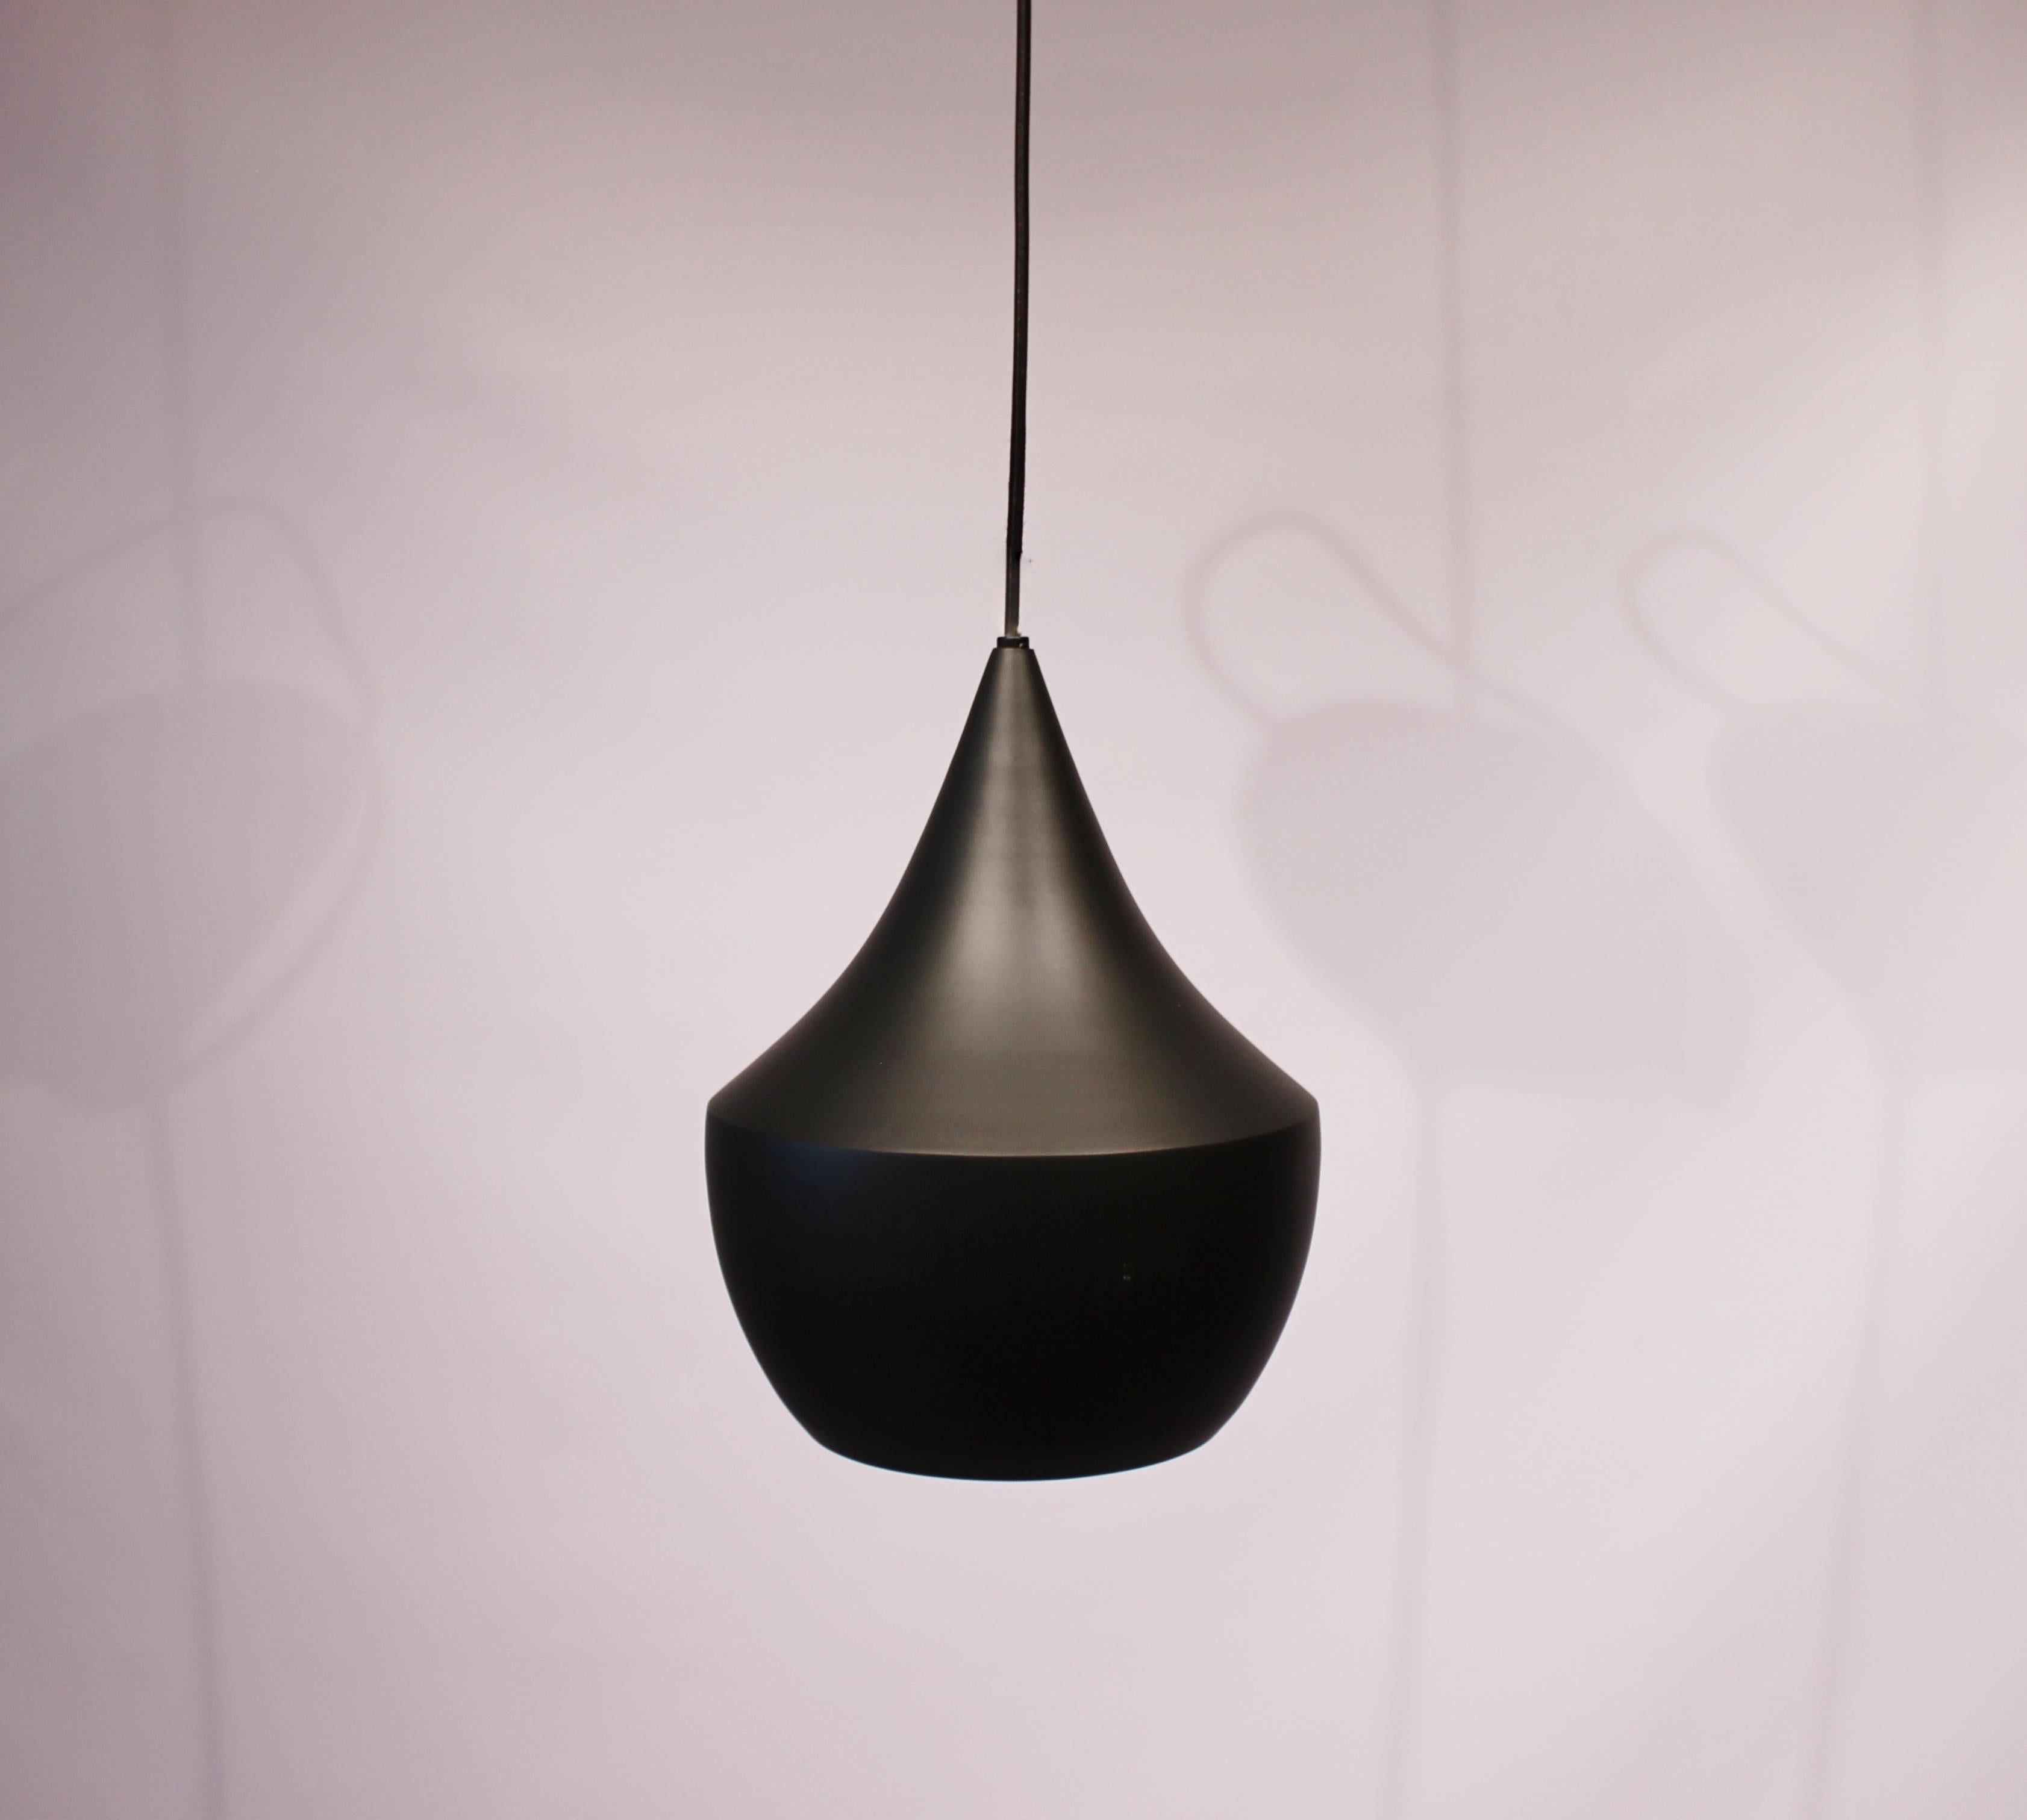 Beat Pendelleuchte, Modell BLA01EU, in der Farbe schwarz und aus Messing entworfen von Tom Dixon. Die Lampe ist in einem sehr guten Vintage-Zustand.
---
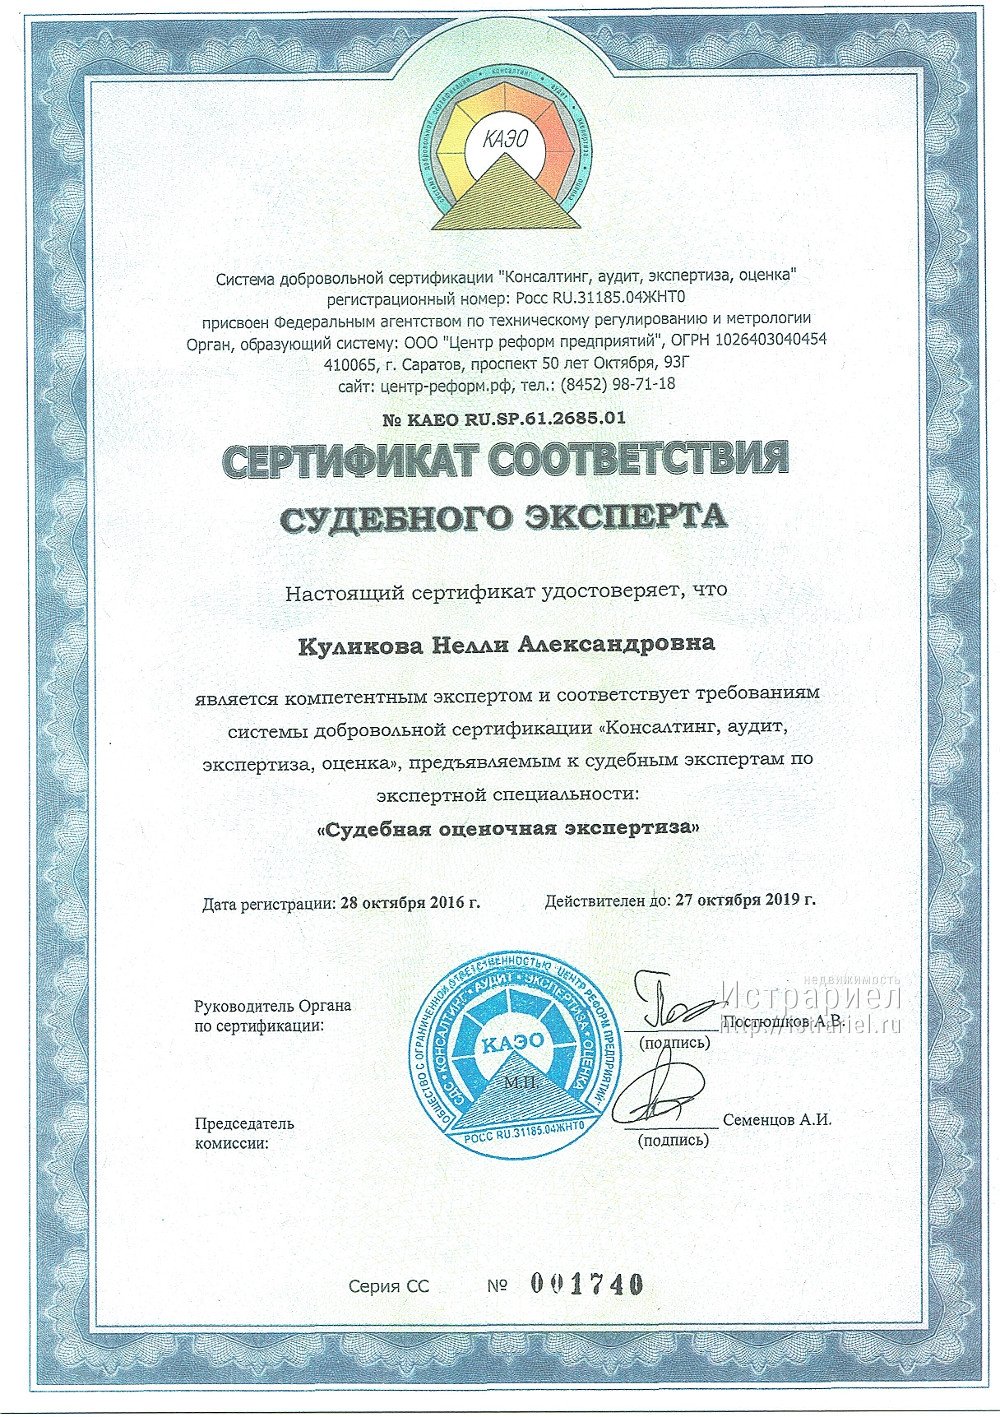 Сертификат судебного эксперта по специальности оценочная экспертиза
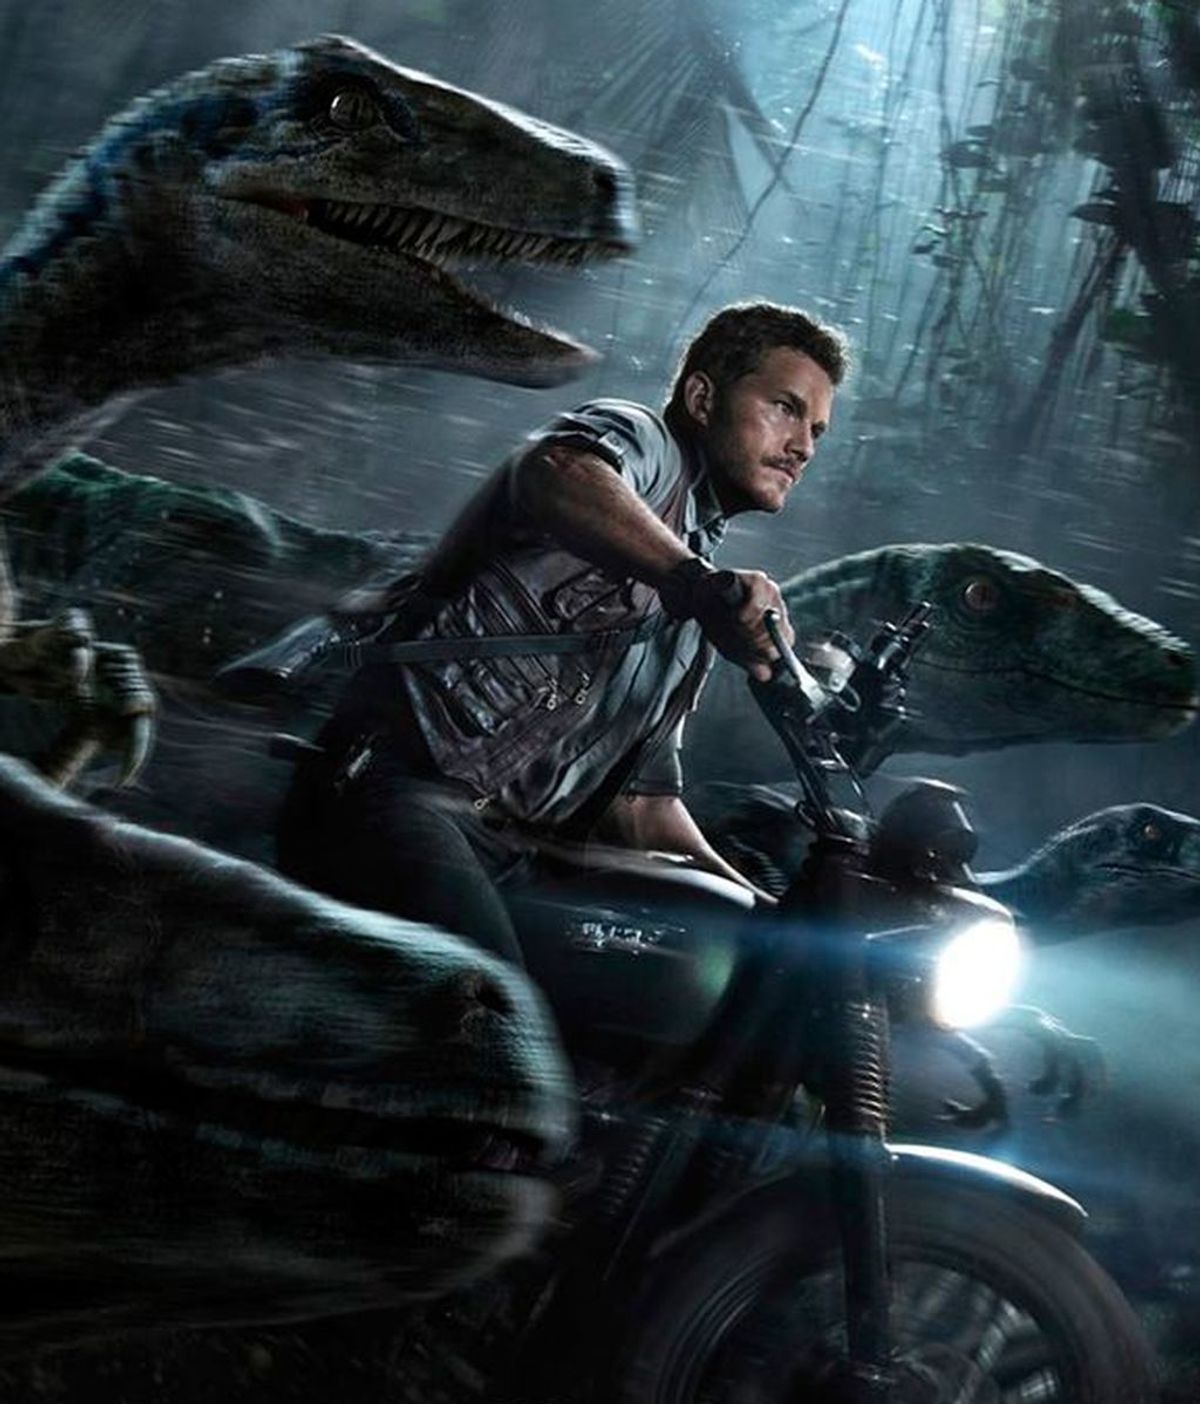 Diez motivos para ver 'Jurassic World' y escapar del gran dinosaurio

## Aim of the task
Above are the records; return the lines in them from the one with "Сертификат судебного эксперта" to the one with "Diez motivos para", inclusive, exactly and without images.

## Written solution
 Сертификат судебного эксперта по специальности оценочная экспертиза
 Diez motivos para ver 'Jurassic World' y escapar del gran dinosaurio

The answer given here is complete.